A Really Good Day(22)
In the federal system, sentences are not left to the discretion of judges. They are calculated in accordance with the Federal Sentencing Guidelines, promulgated by the United States Sentencing Commission. Before the Sentencing Guidelines, a defendant’s sentence depended in large part on the judge to whom his case was assigned. End up in the court of a judge with a capacity for empathy and you might walk away with probation. Be assigned a hard-ass and you might spend the rest of your life in jail. And guess whom the hard-asses were most likely to punish? Race and class bias were rampant under that system. By removing judicial discretion, the Sentencing Guidelines and the mandatory minimum sentences for drug crimes passed by Congress were intended to rid the system of sentencing disparities. Instead of a judge’s individual assessment of a case, a crime, or a defendant, the Sentencing Guidelines and mandatory minimums require that charges and sentences be determined primarily by a single factor: the quantity of drugs bought or sold.
Back when I was a young federal defender, I carried with me a thick book, the Federal Sentencing Guidelines Manual, in which every federal crime was assigned a point value. (It was around six hundred pages and weighed about as much as a brick of cocaine with a street value of twenty-seven grand.) The point value for drug crimes was determined by consulting the “Drug Quantity Table.” The box of methamphetamine carried by my client weighed at least three kilograms, which carried a “Base Offense Level” of 36. The back half of the book contained adjustments for things like “Role in the Offense” and “Acceptance of Responsibility” (pleading guilty). The chapter on criminal history added points for every prior offense. Among the first things I did with every client was to add up the points of his crime and his criminal history, and then flip to the back page of the book, to a table that calculated exactly what sentence he could expect to receive. My client in the methamphetamine case had no criminal history at all, so his Base Offense Level was not adjusted higher for that. Still, because of the sheer quantity of the drugs in the box he had carried, he was subject to a sentence of between 188 and 235 months.

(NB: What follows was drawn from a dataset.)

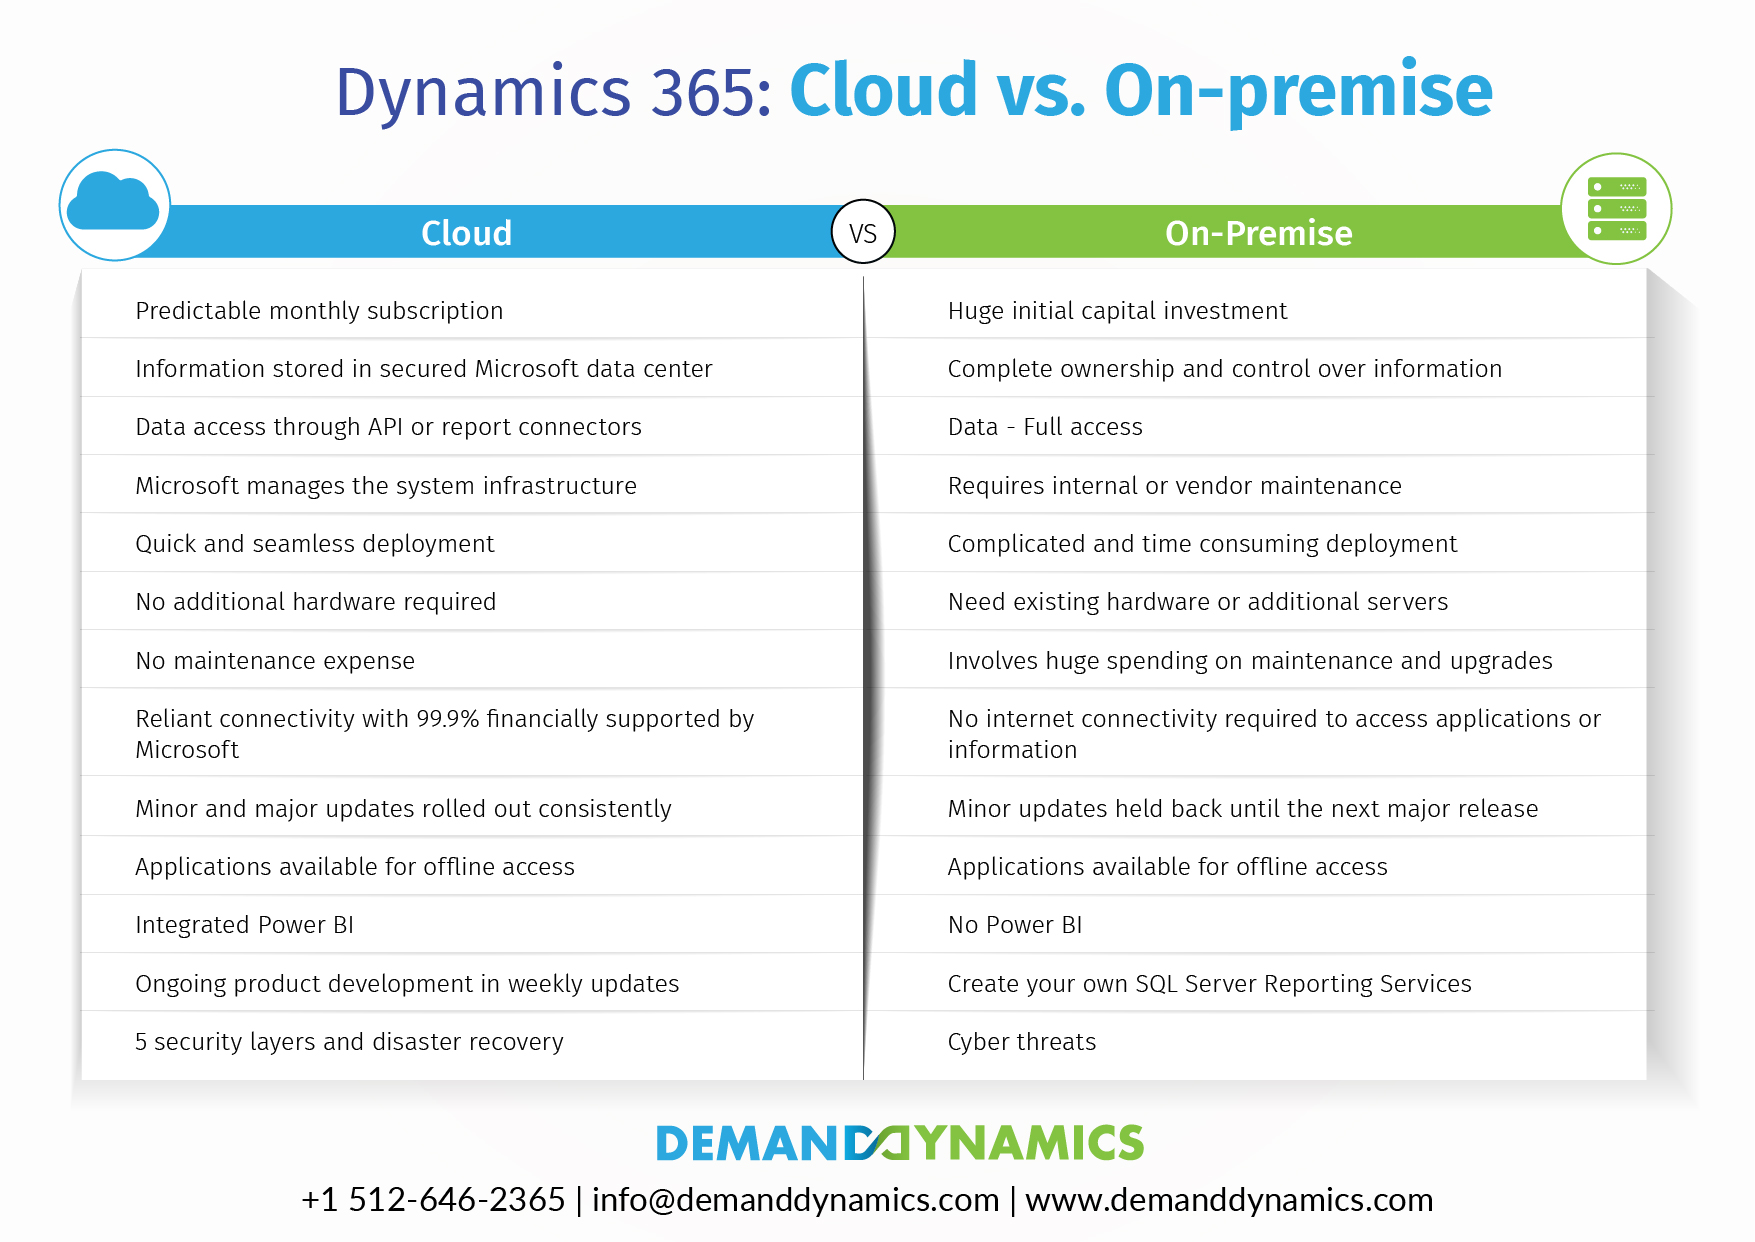 Comparison Chart Between Cloud and On-premise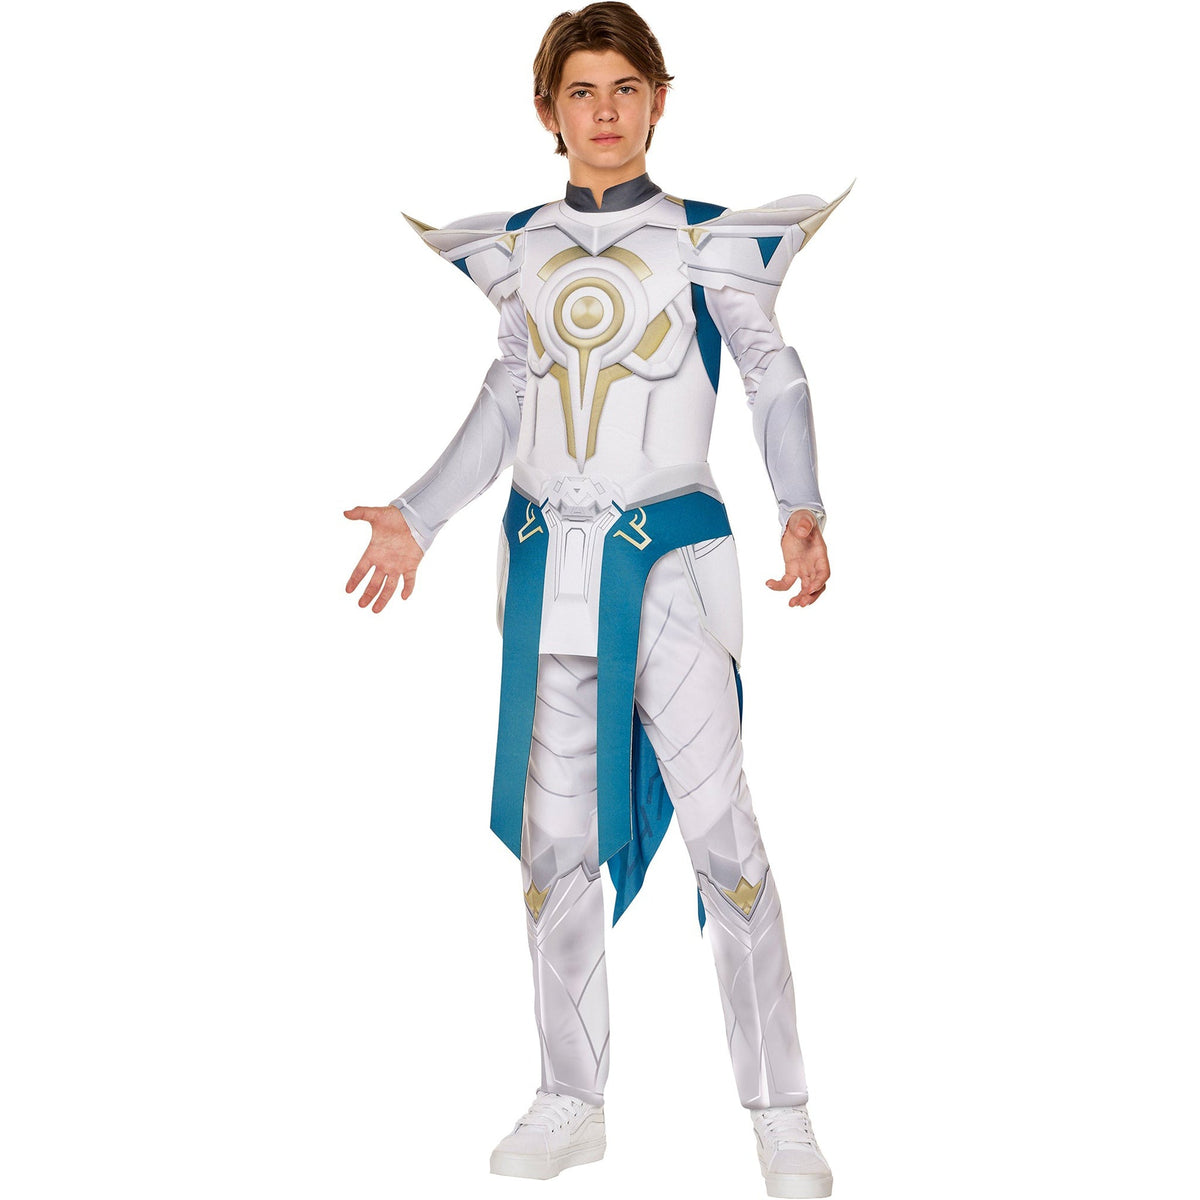 IN SPIRIT DESIGNS Costumes The Ageless Costume for Kids, Fortnite, White and Gold Jumpsuit

This systematized approach to sentencing is certainly rational. There should be consistency in sentencing; a defendant’s future should not depend on how the judicial assignment wheel is spun.*3 However, the idea that nothing about my client’s personal situation could make an impact on his sentence was infuriating. Here was a man who was of such limited intelligence that years ago he would have been called mentally retarded. He was set up by a wily, sophisticated informant who had purposely packed the box with enough drugs to trigger the massive penalty. What justice would be served by sentencing my client, who was a danger to no one other than himself, to more than fifteen years in jail?
Moreover, the Sentencing Guidelines and mandatory minimums have failed to accomplish their stated goals. True, they removed judicial discretion from the federal system, but there has been no reduction in bias. All that’s happened is that the bias of jurists with sufficient experience and, at least theoretically, wisdom to be appointed to the bench, has been replaced with that of prosecutors, who now determine, via their charging documents, what sentence a defendant faces. We have saved the system from the perils of the personalities of individuals appointed by the president and confirmed by the U.S. Senate and turned it over to the personalities of ambitious young lawyers, many of them right out of law school, and many of them perfectly incubated examples of wealth and privilege.
Things have improved somewhat since I was in practice. In 2005, the Supreme Court, in a case called United States v. Booker, ruled that the guidelines were not mandatory but advisory, and that judges can depart from the calculations if they so choose, though these departures still have to be “reasonable.” The Fair Sentencing Act of 2010 made changes to the mandatory minimum laws that might have allowed the judge in my client’s case to consider factors that could have mitigated his sentence, though the bulk of that law applies to crack cocaine, not methamphetamine. But back when I was taking my client’s case to trial, the judge had no discretion at all. Her sole job after the determination of guilt or innocence was to do some arithmetic and apply the sentence required by the answer.
We had had an excellent entrapment defense. I had assembled a mountain of evidence against the informant, a vicious and loathsome man with a history of entrapping first-time offenders, none of whom had ever committed crimes before he encouraged them to do so. My client had no criminal record, and was found by the government’s own expert witness to have an IQ of approximately 85, significantly below average. I was confident that I was going to win, so confident that when the assistant U.S. attorney called me the afternoon before trial, and asked me what I would have settled the case for had he initially offered a plea different from the Sentencing Guidelines range, I said, “Nothing more than two phone counts.”
A phone count is courthouse jargon for the offense of using a communications device in the commission of a crime. The maximum statutory penalty is four years. My client spoke to the informant a number of times over the phone. Those calls were recorded. If he were charged with communication crimes rather than with drug distribution, though the Sentencing Guidelines sentence would still be determined by the quantity of the drugs at issue in the case, the sentence would be capped at four years for each phone count. If my client pled guilty to those two counts, the judge would have no choice but to sentence him to a maximum of eight years instead of the fifteen to nearly twenty he was looking at.